In questa guida completa, condivideremo con te la nostra esperienza, analizzando i rendimenti, i rischi e le migliori strategie per approcciare questo settore.
Esploreremo non solo come acquistare direttamente questi “pleasure asset”, ma anche come esporsi tramite strumenti più accessibili come gli ETF e le innovative piattaforme di investimento frazionato come quella di Collecto.

Inoltre, ti sveleremo come ottenere un bonus esclusivo per iniziare il tuo percorso con una delle piattaforme più promettenti del momento per investire in beni di lusso.
Investire In Beni Di Lusso Conviene?
Sì, investire in beni di lusso conviene a patto di essere consapevoli dei rischi e di agire con una strategia ben definita. Questo tipo di investimento può offrire un’eccellente diversificazione del portafoglio, essendo spesso decorrelato dai mercati finanziari tradizionali, e un potenziale di apprezzamento significativo nel lungo periodo.
Tuttavia, comporta sfide come bassa liquidità, alti costi di gestione e la necessità di una profonda competenza per evitare contraffazioni e valutazioni errate.
Nel nostro team, abbiamo visto come alcuni asset, come le borse Hermès o certi modelli di Rolex, abbiano generato rendimenti superiori a quelli del mercato azionario. Il Knight Frank Luxury Investment Index (KFLII) mostra che asset come il whisky raro e le auto d’epoca hanno registrato performance a tre cifre nell’ultimo decennio. D’altra parte, il 2024 ha mostrato un raffreddamento generale, con l’indice KFLII in calo del 3,3%, a causa dell’aumento dei tassi d’interesse che ha spostato la liquidità verso asset più tradizionali.

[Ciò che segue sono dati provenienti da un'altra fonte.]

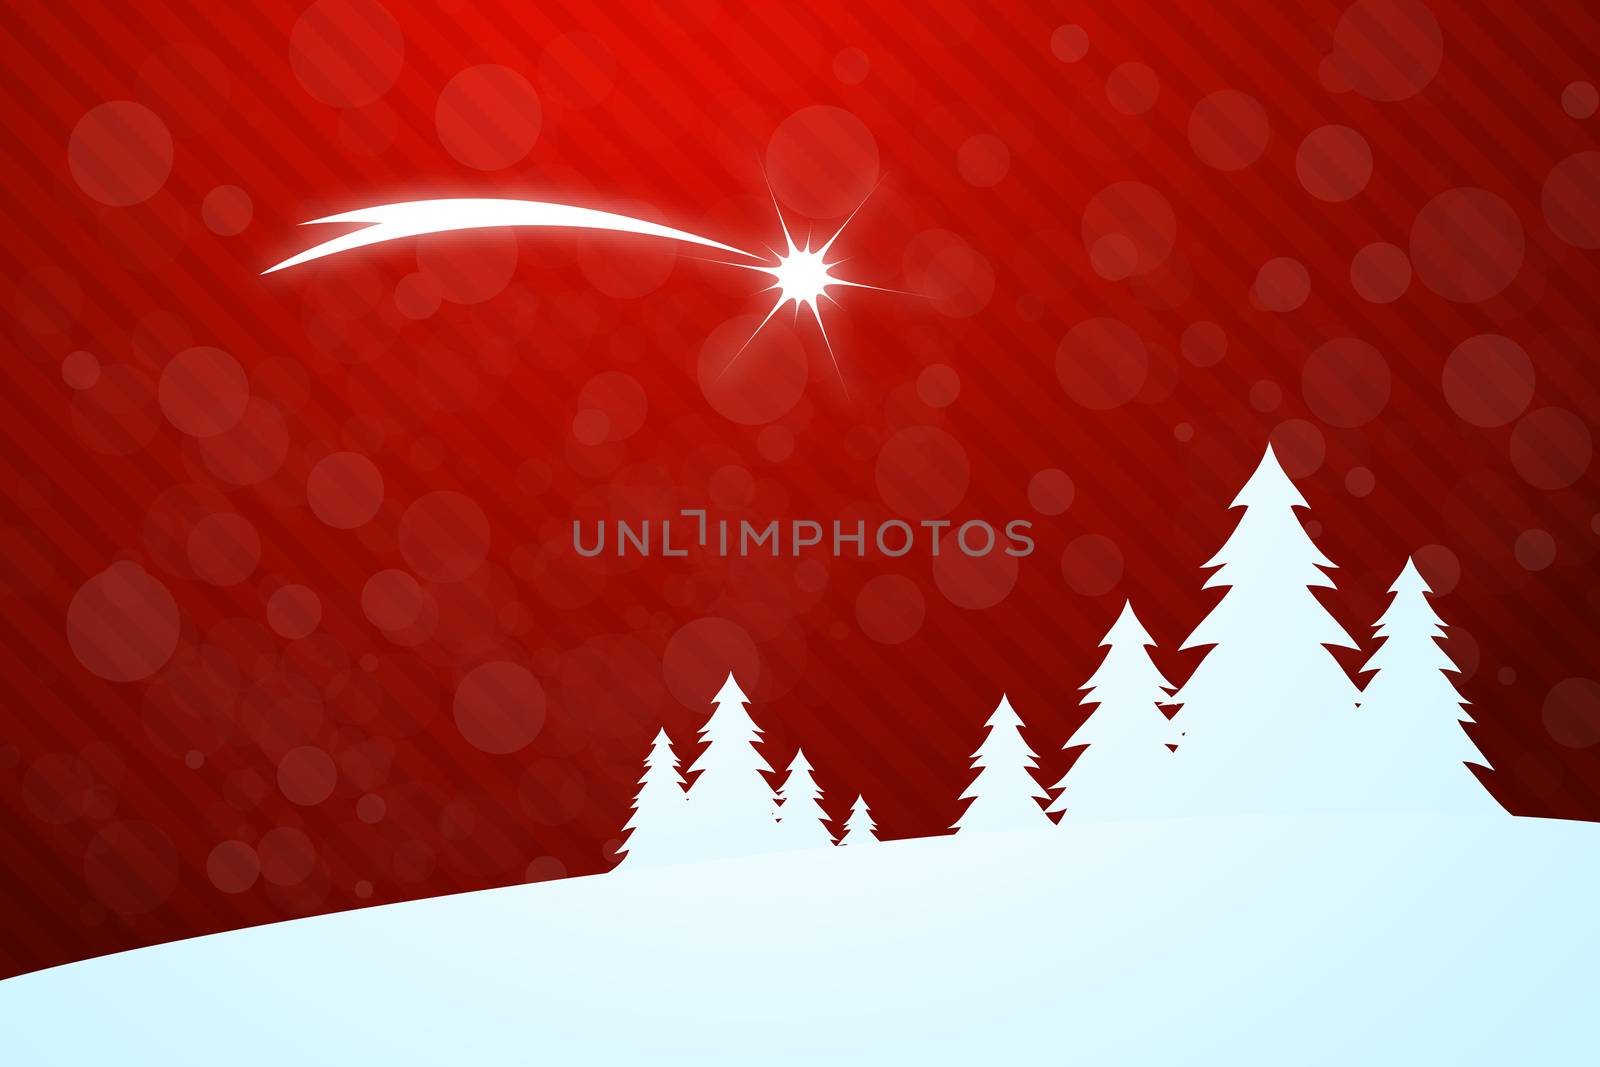 Christmas Greeting Card with Christmas Trees and falling Star
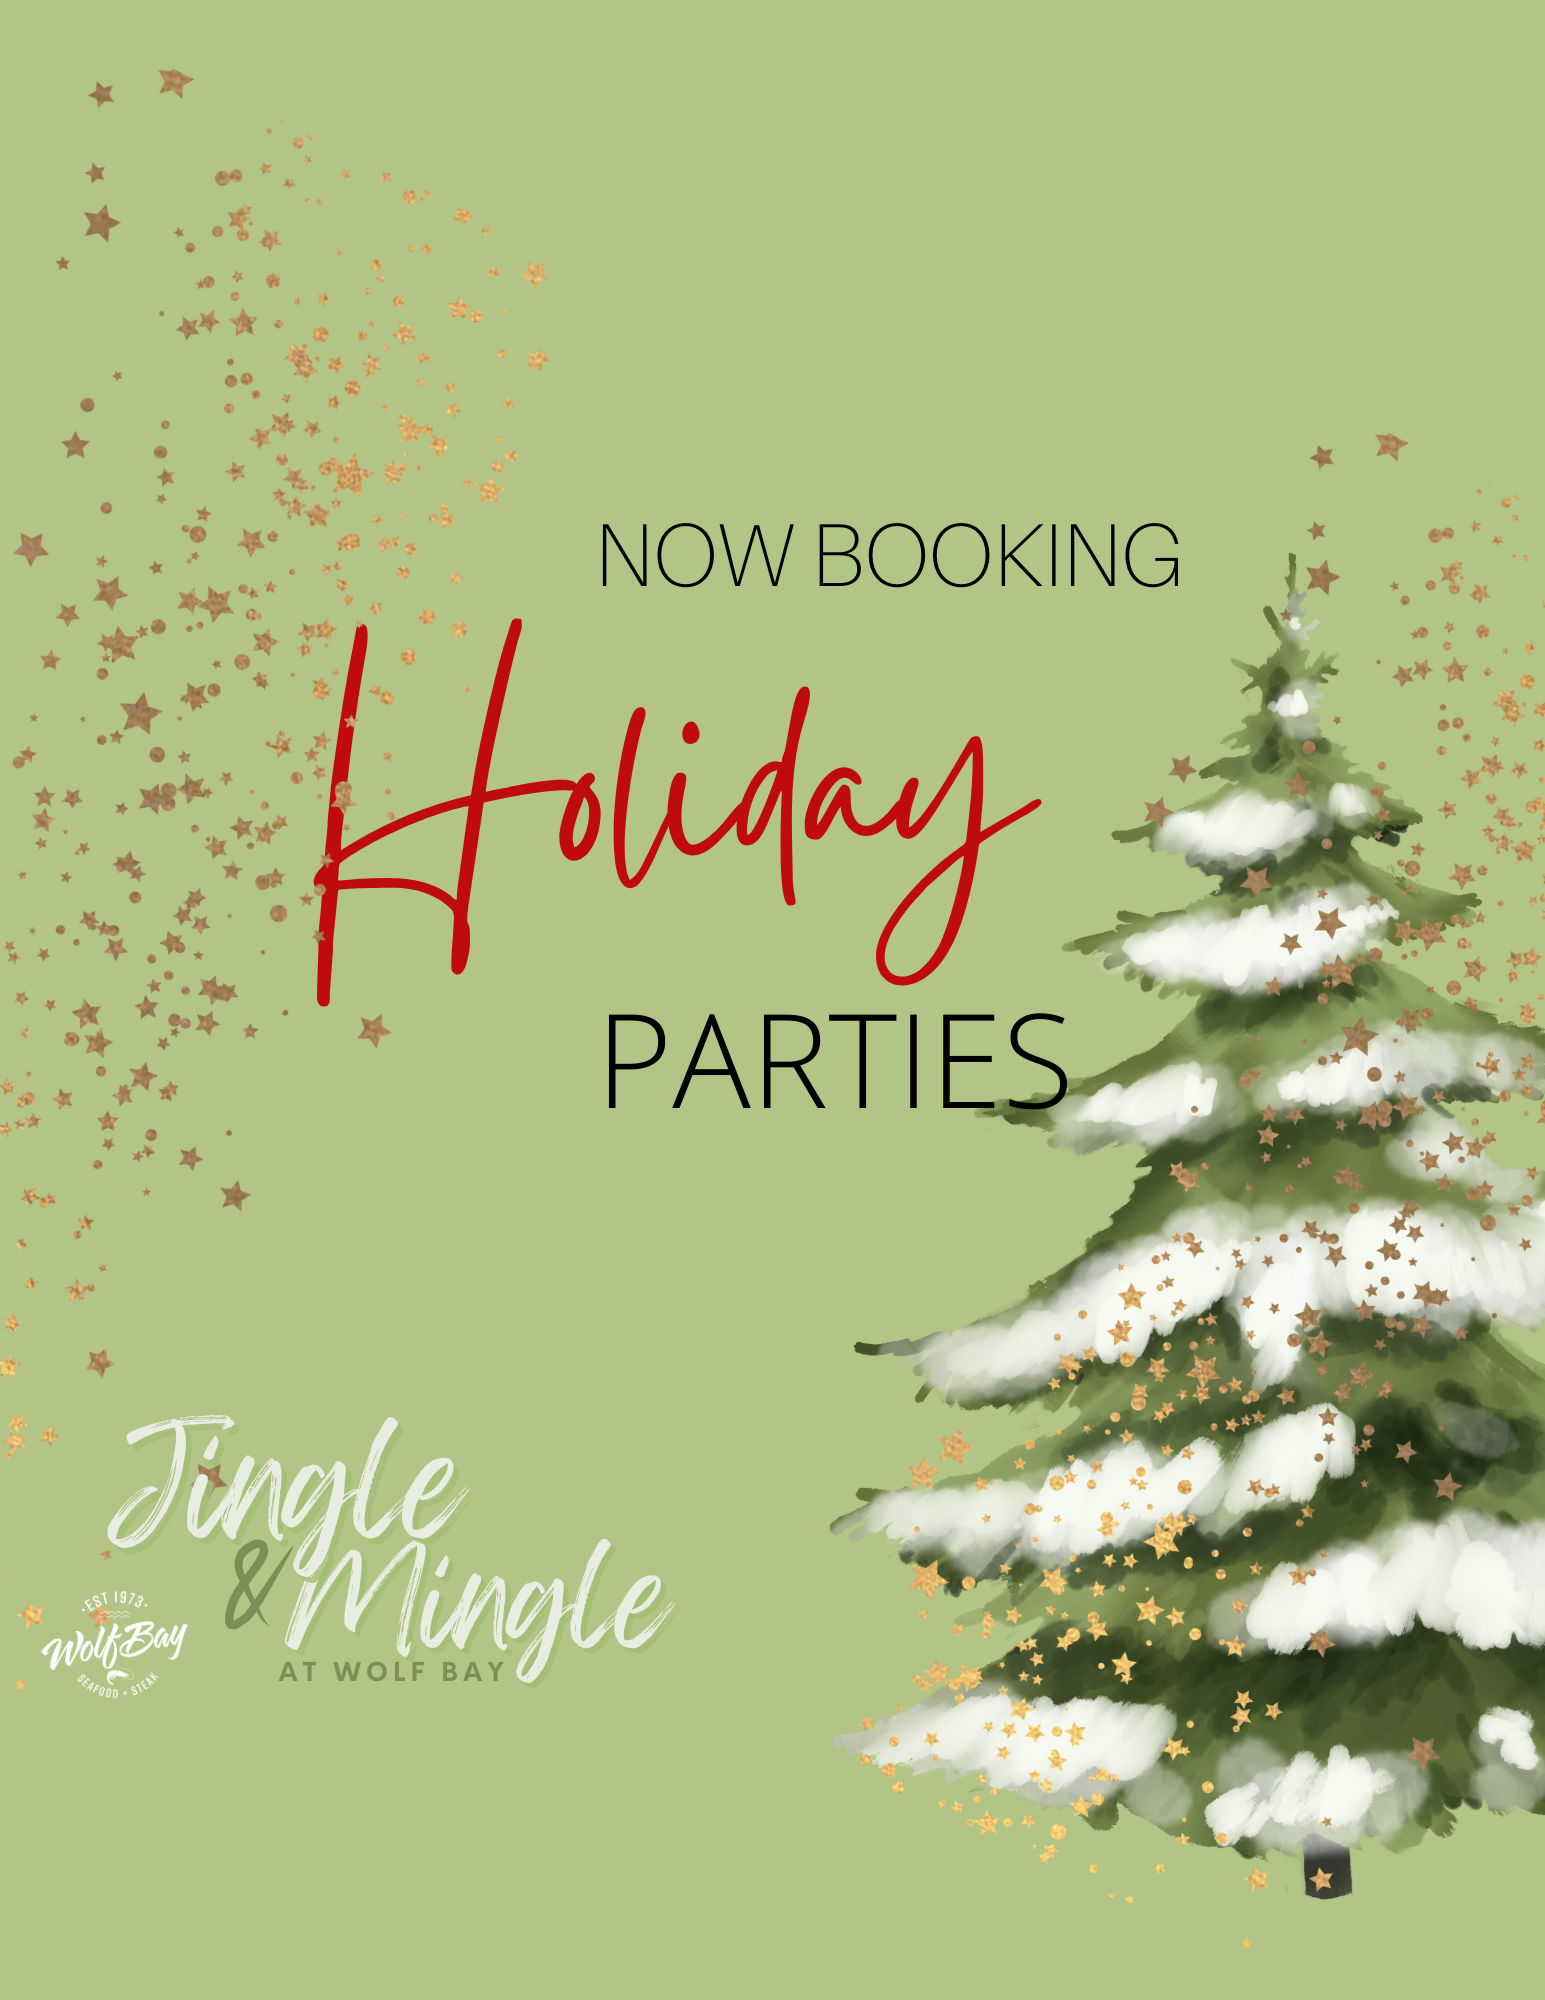 Now booking holiday parties

Questo, però, per un investitore accorto può rappresentare un’opportunità d’acquisto a prezzi più convenienti. La chiave è la selettività: non tutti i beni di lusso sono un buon investimento. Bisogna puntare su oggetti iconici, rari e con una domanda sostenibile. L’investimento in lusso non è per tutti: richiede pazienza, studio e, spesso, un capitale non indifferente, a meno di non ricorrere a soluzioni innovative come quelle frazionate.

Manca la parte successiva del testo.